Suppose, if I have been given this: $\forall x \in A(P(x))$ and $\exists y \in A(Q(y))$.
Now from $\forall x \in A(P(x))$ using universal instantiation, I get $P(c)$ where $c$ is an arbitrary element in $A$. Now my doubt is, if using $\exists y \in A(Q(y))$, can I conclude $Q(c)$ ?. My reasoning says yes, because $c$ is an arbitrary element in $A$ and $y \in A$. Is this type of instantiation from universal to existential has a special name ?
On
Now from $∀x∈A(P(x))$ using universal instantiation, I get $P(c)$ where $c$ is an arbitrary element in A . Now my doubt is, if using $∃y∈A(Q(y))$ , can I conclude $Q(c)$ ?.
No.
My reasoning says yes, because $c$ is an arbitrary element in $A$ and $y∈A$ . Is this type of instantiation from universal to existential has a special name ?
Your reasoning is almost correct. You can pick a value $c$ where $Q(c)$ holds, but this not an arbitrary value from a universal instantiation of the first statement.
It's a witness from an existential instantiation of the second statement.
You can then select this witness from a universal instantiation, but, as it's not arbitrary you cannot subsequently use it in universal generalisation. A witness can only be used in a subsequent existential generalisation.
Thus we do so:
$\begin{align} \exists y\in A\;Q(y) \;&\vdash\; Q(c)&\text{EI}, c\in A \\[2ex] \forall x\in A\;P(x) \;&\vdash\; P(c)&\text{UI}(\mid_c^x) \\[1ex] P(c), Q(c) \;&\vdash\; P(c)\wedge Q(c)&\wedge\text{I} \\[1ex] P(c)\wedge Q(c) \;&\vdash\; \exists x\in A\;(P(x)\wedge Q(x))&\text{EG} \\[2ex] \therefore \forall x\in A\;P(x),\, \exists y\in A\;Q(y)\;&\vdash\; \exists x\in A\;(P(x)\wedge Q(x)) & \Box \end{align}$
No, you have to go the other way around: from $\exists y\in A(Q(y))$ we instantiate to get a $c$ with $Q(c)$; we now conclude that $P(c)$ holds, because $\forall x\in A(P(c))$.
One way to picture this is as a game. You're trying to show that a statement - say, $\exists x\in A(P(x) \wedge Q(x))$ - is true, and your opponent (me) is trying to thwart you. Your example goes as follows:
You: "I know that $\forall x\in A(P(x))$. Give me some $x\in A$ such that $P(x)$."
Me: "Sure, have this thing $c$. I promise you $P(c)$ holds."

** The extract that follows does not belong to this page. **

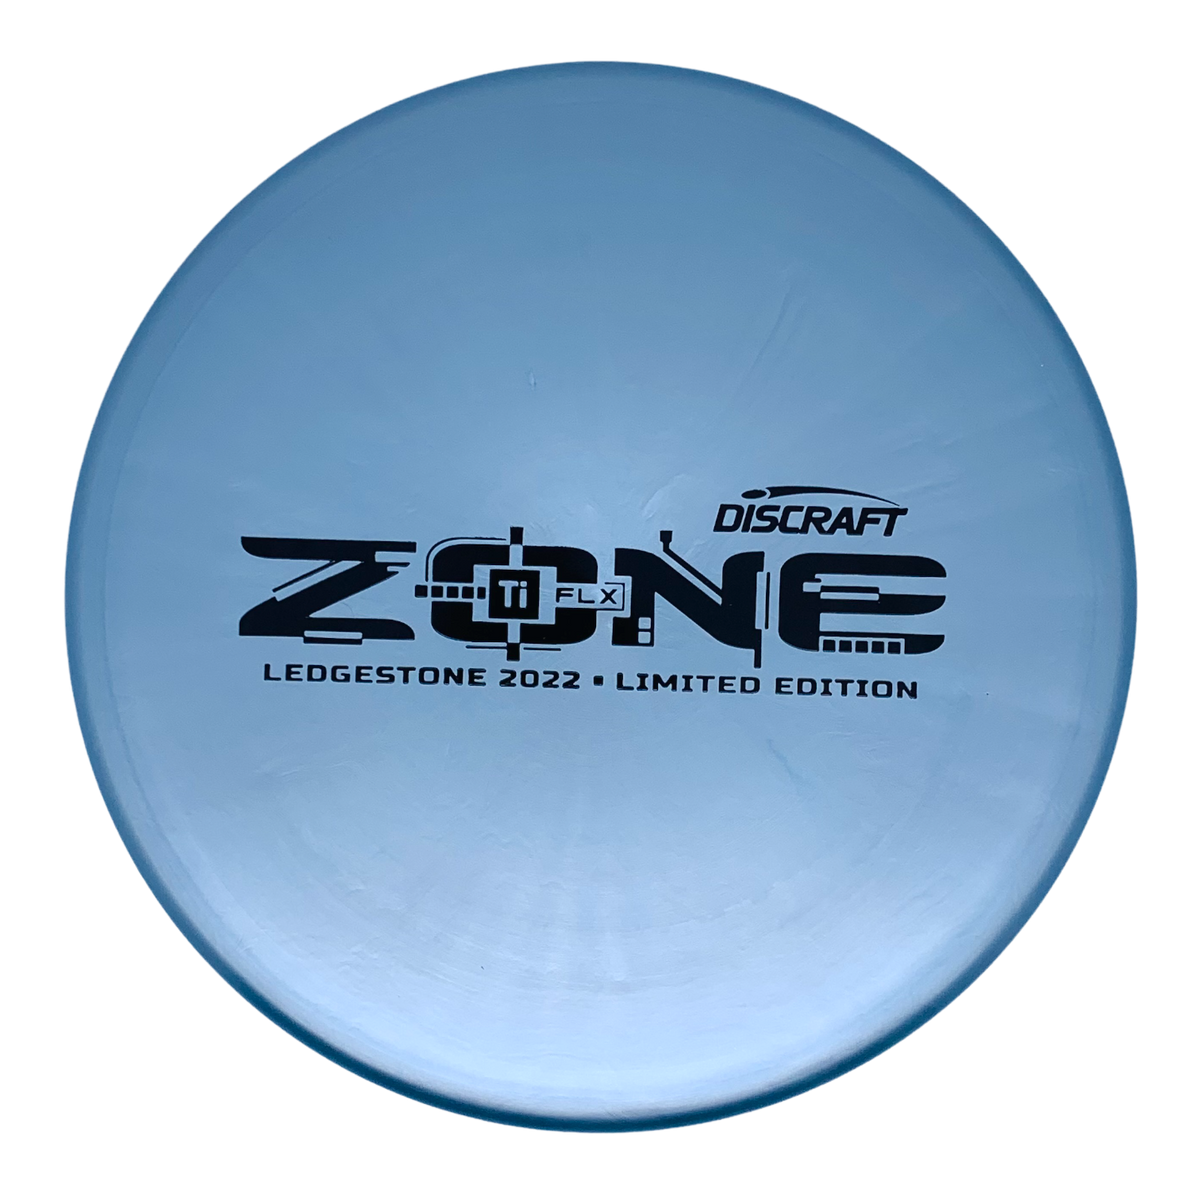 Discraft TI FLX Zone- Ledgestone 3

You: "I know that there is some $x$ with $Q(x)$. I claim $Q(c)$ holds, in particular, so I've found an $x$ with $P(x)\wedge Q(x)$."

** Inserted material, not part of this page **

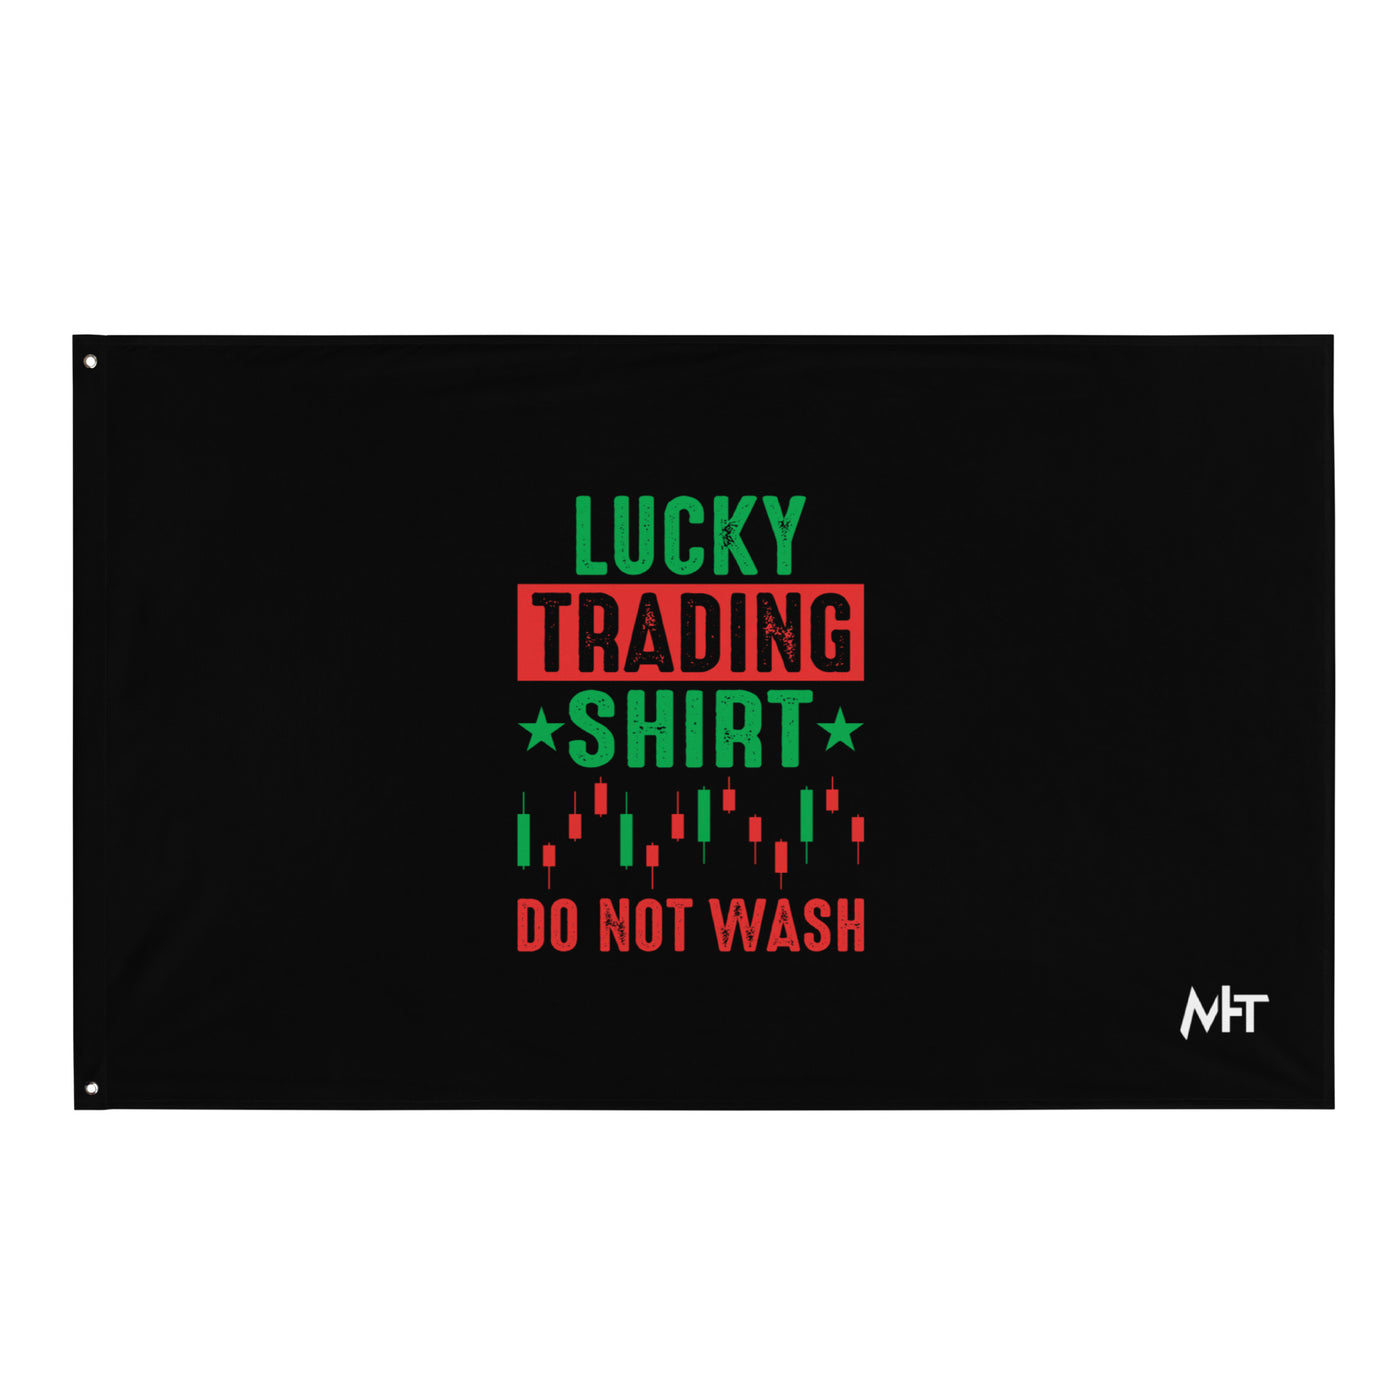 Lucky trading shirt do not Wash - Flag

Me: "Haha, I chose a $c$ that doesn't satisfy $Q(c)$! You have made an incorrect deduction, so you lose."
The right way to approach this is the opposite:
You: "I know $\exists x\in A(Q(x))$. Give me some $x\in A$ with $Q(x)$."
Me: "Sure, have this thing $c$. I promise you $Q(c)$ holds."

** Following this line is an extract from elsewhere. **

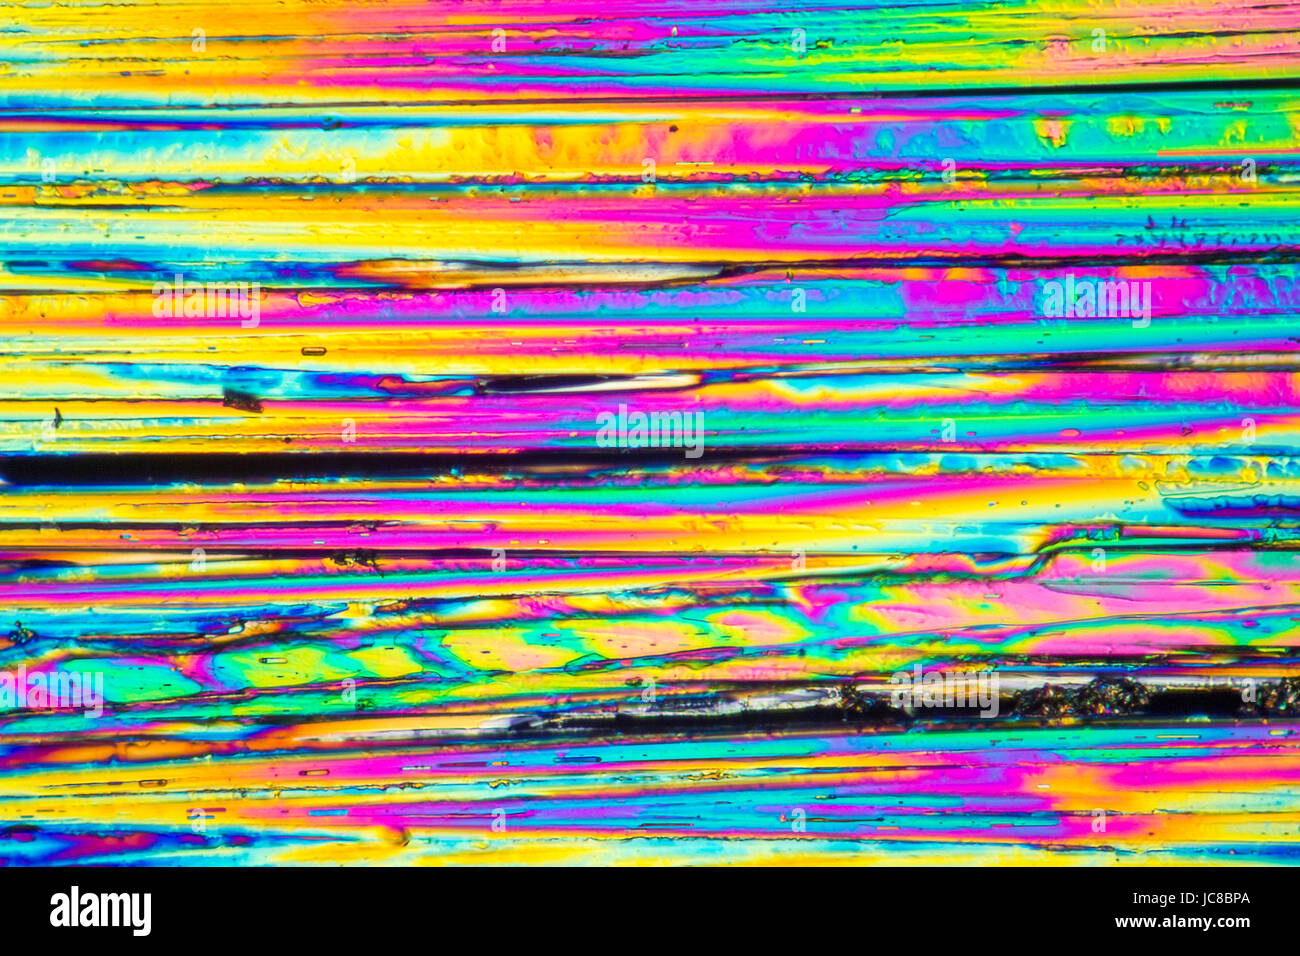 microscopic shot of urea micro crystals in polarized light Stock Photo

You: "Well, I know that $\forall x\in A(P(x))$ - so in particular, $P(c)$. So I have $P(c)\wedge Q(c)$."
Me: "Curses!"
The general name for this sort of thing is game semantics. I find it a very helpful framework for understanding the (in)validity of logical arguments (and many other things besides).